Improving Retrieval Augmented Language Model with Self-Reasoning

Yuan Xia,Jingbo Zhou,Zhenhui Shi,Jun Chen,Haifeng Huang
2024-08-02
Abstract:The Retrieval-Augmented Language Model (RALM) has shown remarkable performance on knowledge-intensive tasks by incorporating external knowledge during inference, which mitigates the factual hallucinations inherited in large language models (LLMs). Despite these advancements, challenges persist in the implementation of RALMs, particularly concerning their reliability and traceability. To be specific, the irrelevant document retrieval may result in unhelpful response generation or even deteriorate the performance of LLMs, while the lack of proper citations in generated outputs complicates efforts to verify the trustworthiness of the models. To this end, we propose a novel self-reasoning framework aimed at improving the reliability and traceability of RALMs, whose core idea is to leverage reasoning trajectories generated by the LLM itself. The framework involves constructing self-reason trajectories with three processes: a relevance-aware process, an evidence-aware selective process, and a trajectory analysis process. We have evaluated our framework across four public datasets (two short-form QA datasets, one long-form QA dataset, and one fact verification dataset) to demonstrate the superiority of our method, which can outperform existing state-of-art models and can achieve comparable performance with GPT-4, while only using 2,000 training samples.
Computation and Language,Artificial Intelligence
What problem does this paper attempt to address?
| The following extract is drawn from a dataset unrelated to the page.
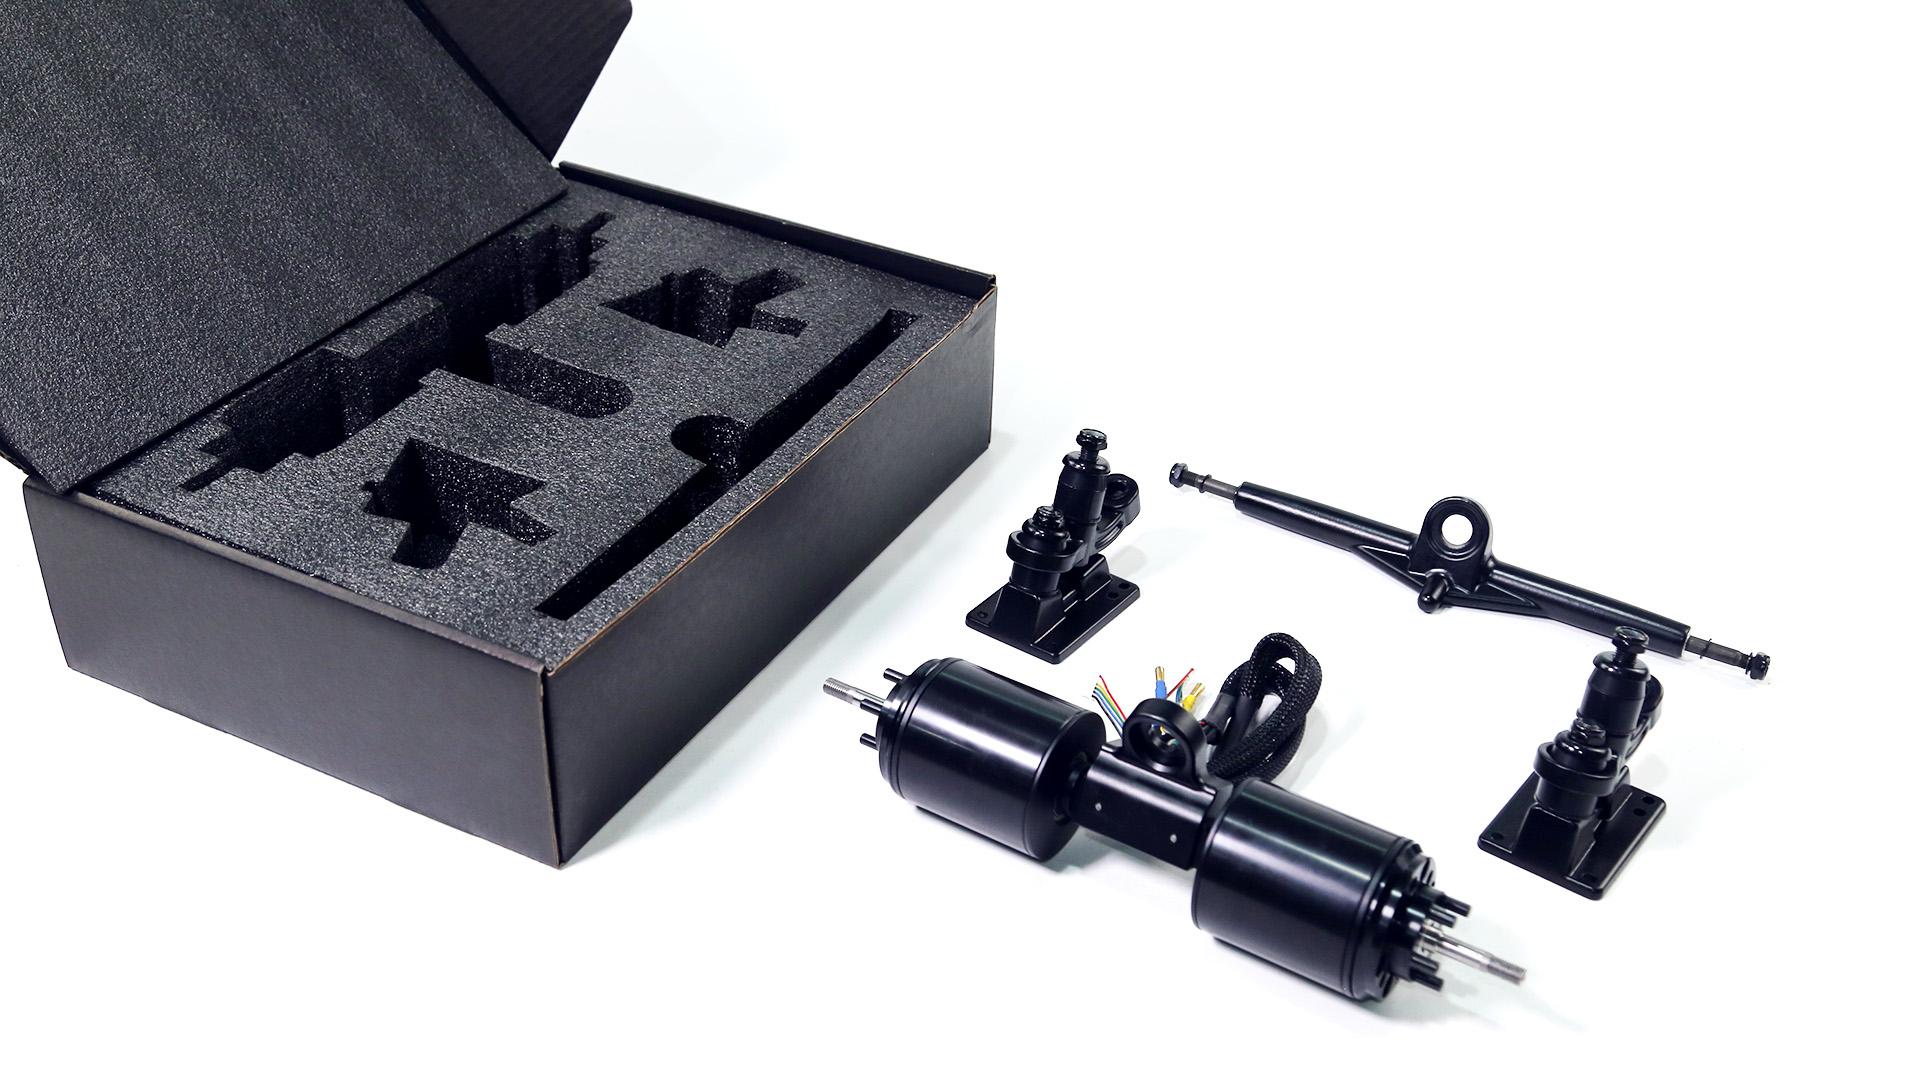 FOC Direct Drive Motor Kit for electric skateboard diy
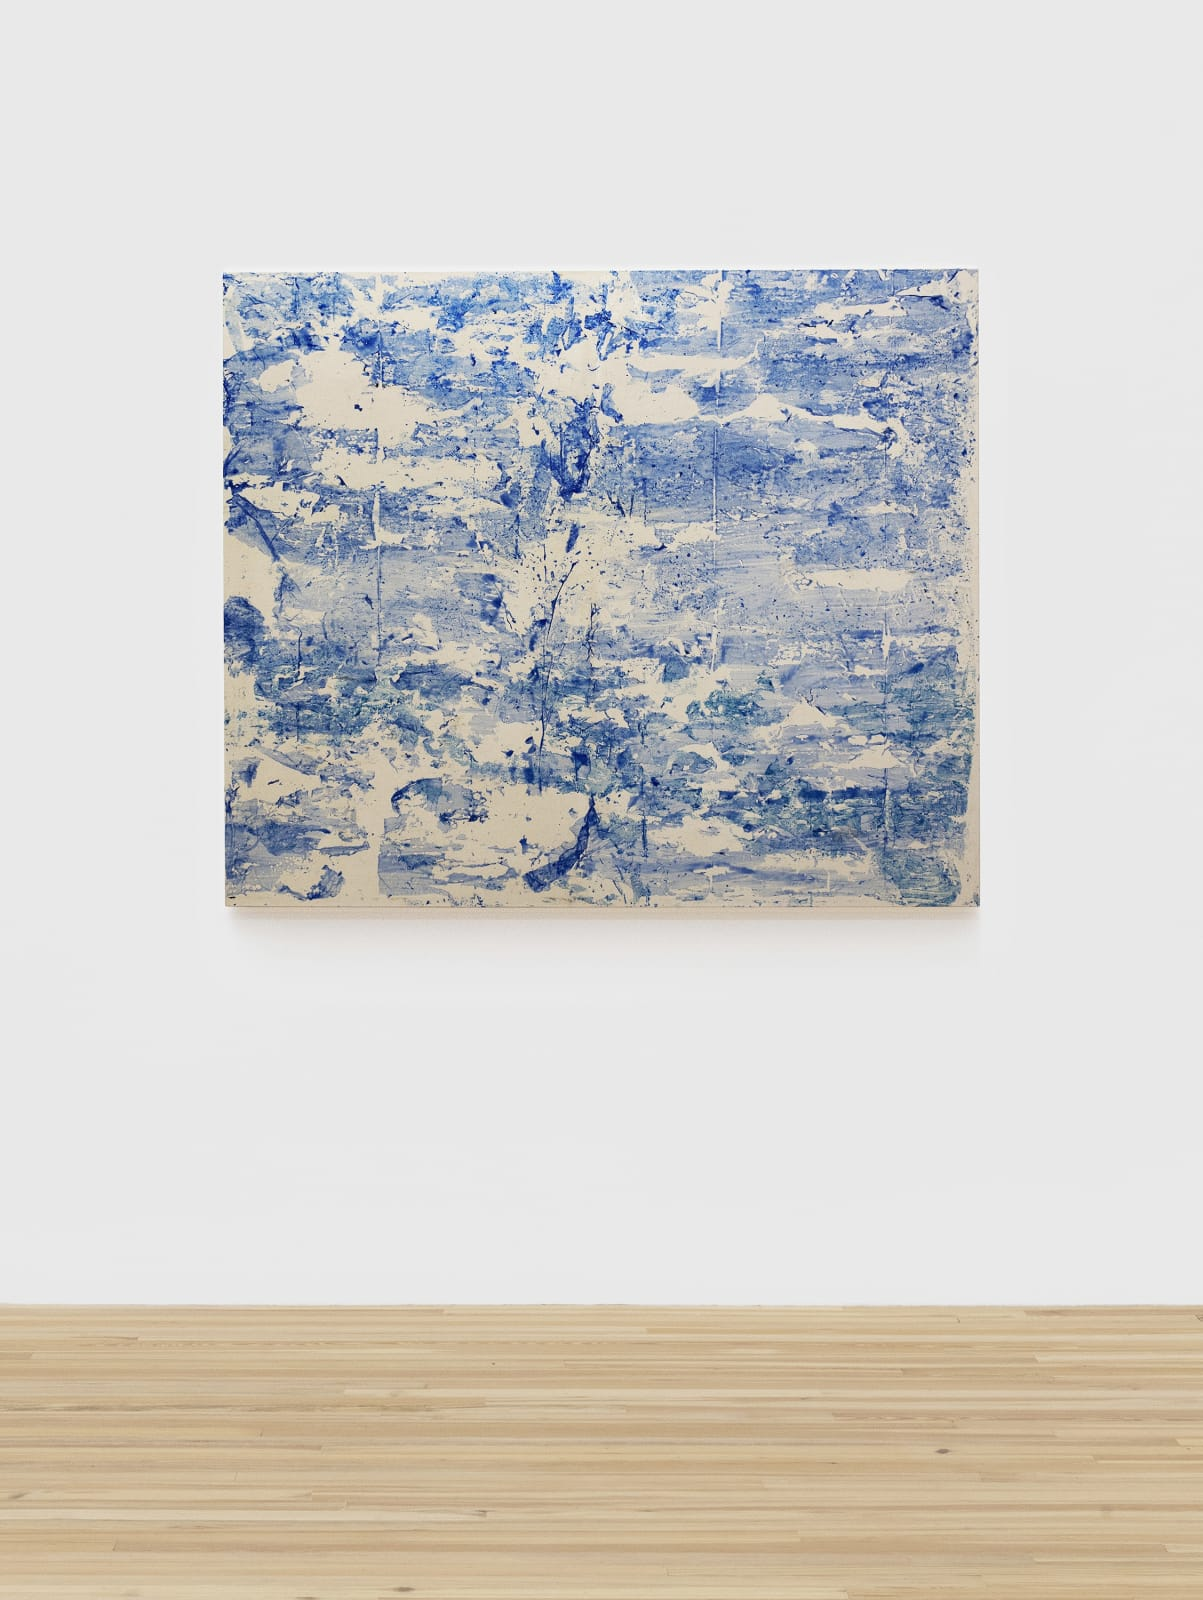 Padraig Timoney Untitled (Blue), 2019 Acrylic and rabbitskin glue on canvas 54 1/8 x 64 1/8 x 1 1/2 in (137.5 x 162.9 x 3.8 cm)

The paper attempts to address the problem of how to improve the reliability and traceability of Retrieval-Augmented Language Models (RALM). Despite the excellent performance of existing RALMs in knowledge-intensive tasks, there are still the following challenges: 1. **Irrelevant Document Retrieval**: Retrieved irrelevant documents may lead to the generation of useless answers and even degrade the performance of large language models (LLMs). 2. **Lack of Proper Citations**: The generated output lacks proper citations, making it complex to verify the model's credibility. To tackle these challenges, the authors propose a new self-reasoning framework (SELF-REASONING) aimed at improving the reliability and traceability of RALM by leveraging the reasoning trajectories generated by the LLM itself. This framework includes three processes: 1. **Relevance-Aware Process (RAP)**: Guides the LLM to judge the relevance of the retrieved documents to the question and generate explanations for why these documents are considered relevant. 2. **Evidence-Aware Selective Process (EAP)**: Guides the LLM to select and cite relevant documents and automatically choose key sentences as evidence. 3. **Trajectory Analysis Process (TAP)**: Requires the LLM to analyze all self-reasoning trajectories generated from the first two processes and ultimately generate concise analyses and answers. Through these processes, the framework aims to improve the accuracy and reliability of RALM in handling knowledge-intensive tasks while enhancing its traceability. Experimental results show that this method performs excellently on multiple public datasets, achieving performance comparable to existing state-of-the-art models with only 2,000 training samples, and even surpassing GPT-4 on certain metrics.